Aquilo não me deixou nem um pouco mais tranquila, mas pelo menos me ajudou a me preparar para o desafio. Além de que não pude evitar a ansiedade de saber que logo veria o sol de novo, sol de verdade. Eu veria o lado de fora. Talvez não fosse assim tão seguro, mas quando se está confinada por muito tempo, qualquer lugar é melhor que a prisão.

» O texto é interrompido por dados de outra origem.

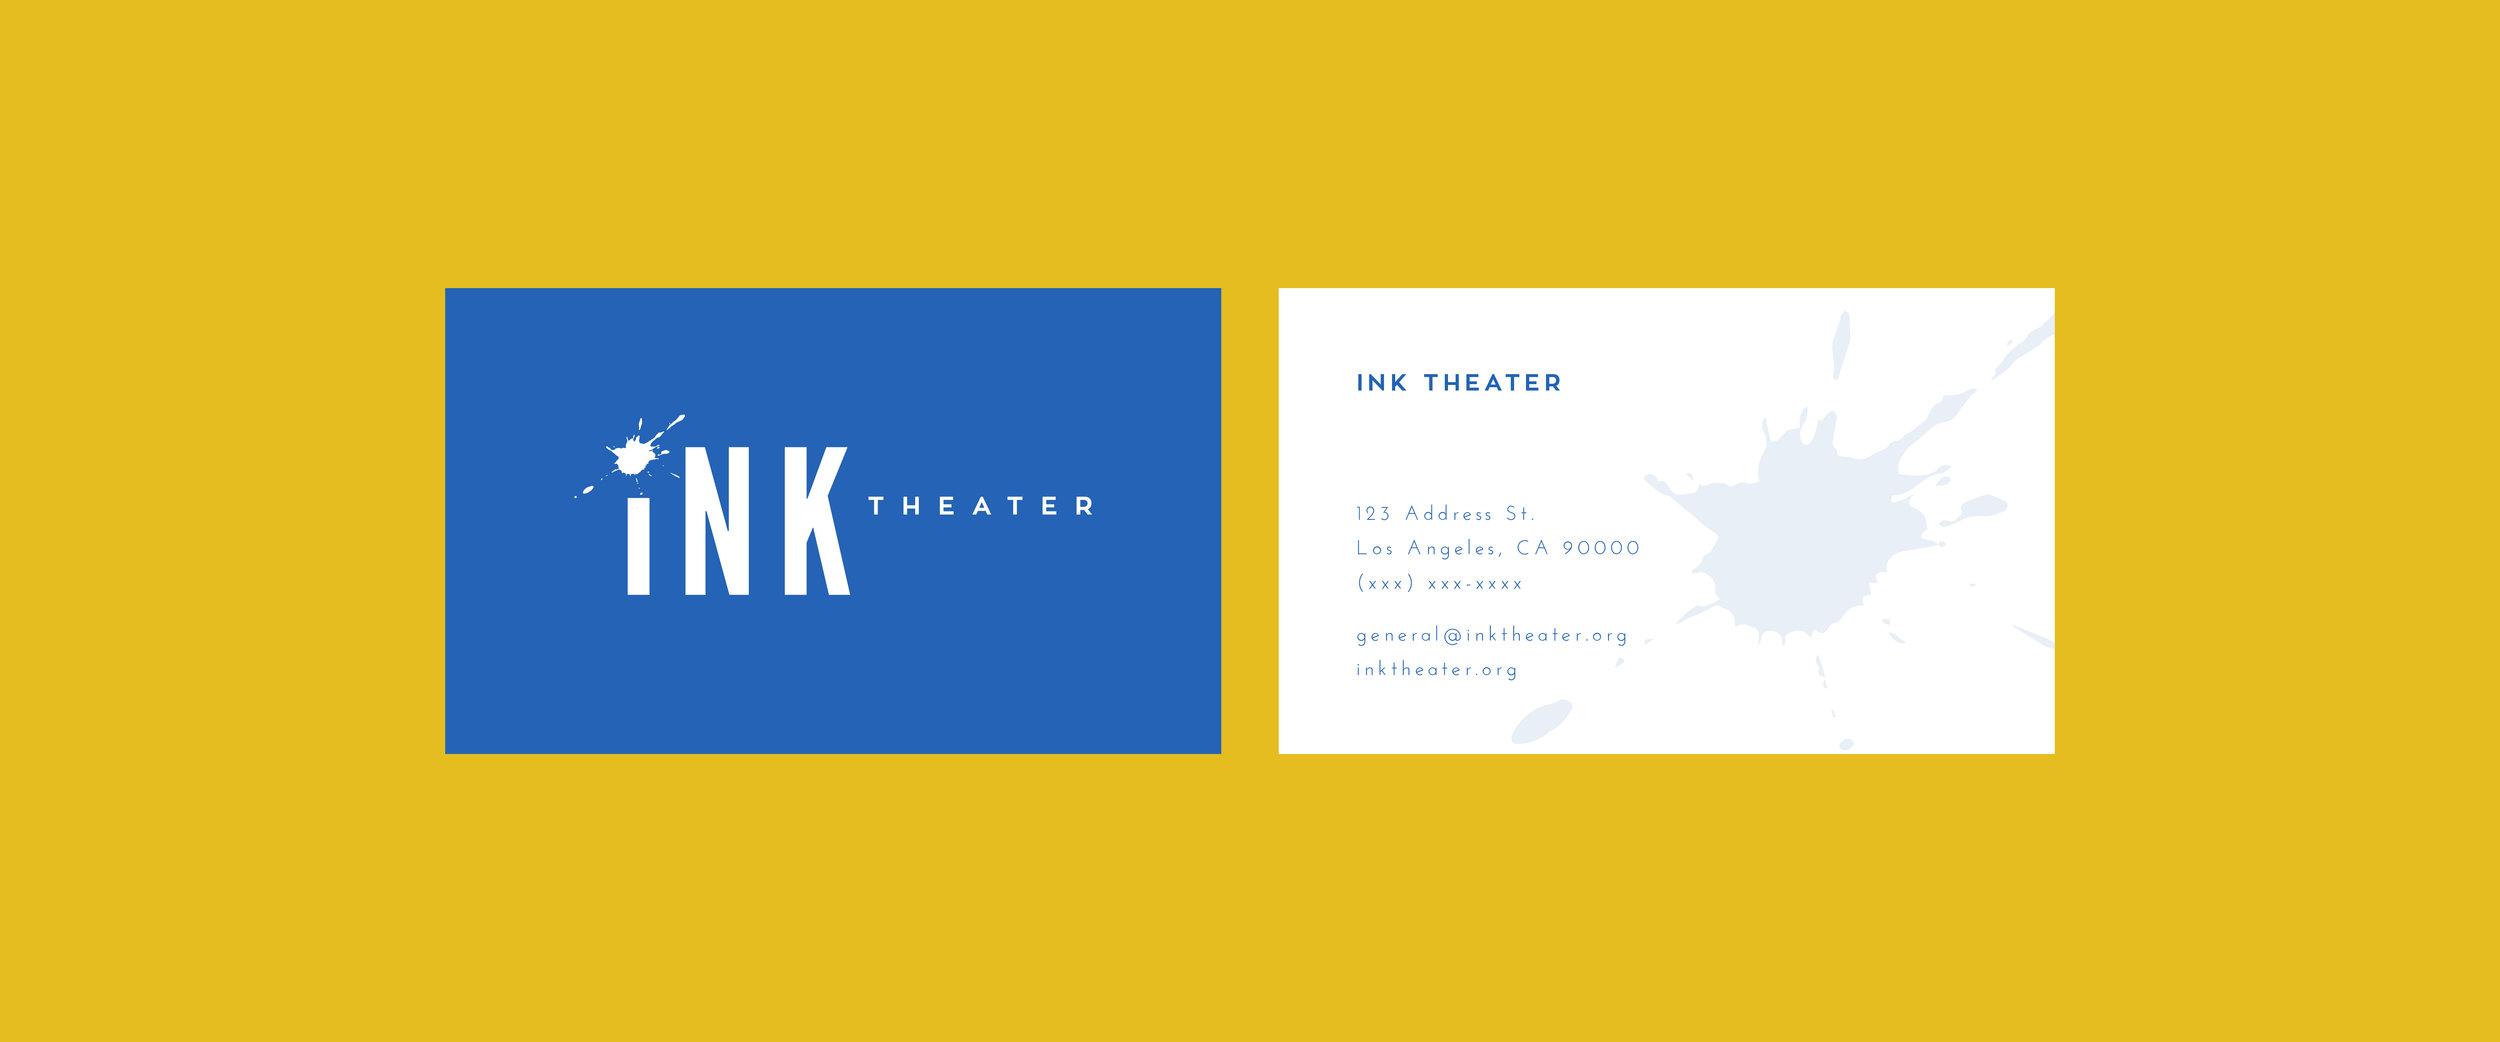 CANOPY_Ink Theater_Branding_Business Card Design.jpg

Na noite daquele dia os pesadelos voltaram. Eu vi Daniele sendo eletrocutada até seu corpo desaparecer por completo. O grito de agonia e a risada do Diretor ecoaram na minha cabeça mesmo depois que acordei encharcada de suor. Não consegui mais pregar os olhos e, como em outras noites de insónia, me levantei e fui ler alguma coisa da estante de Suna. Também não fui capaz de me concentrar nisso, só me restou ficar de frente para a janela virtual e assistir a lua se mover lentamente sob deserto por trás de uma placa de fibra trincada. Me senti dentro de um aquário, um peixinho dourado vendo o mundo através de um vidro e incapaz de nadar para além dele. Um peixinho prestes a saltar da água e torcer para cair no oceano.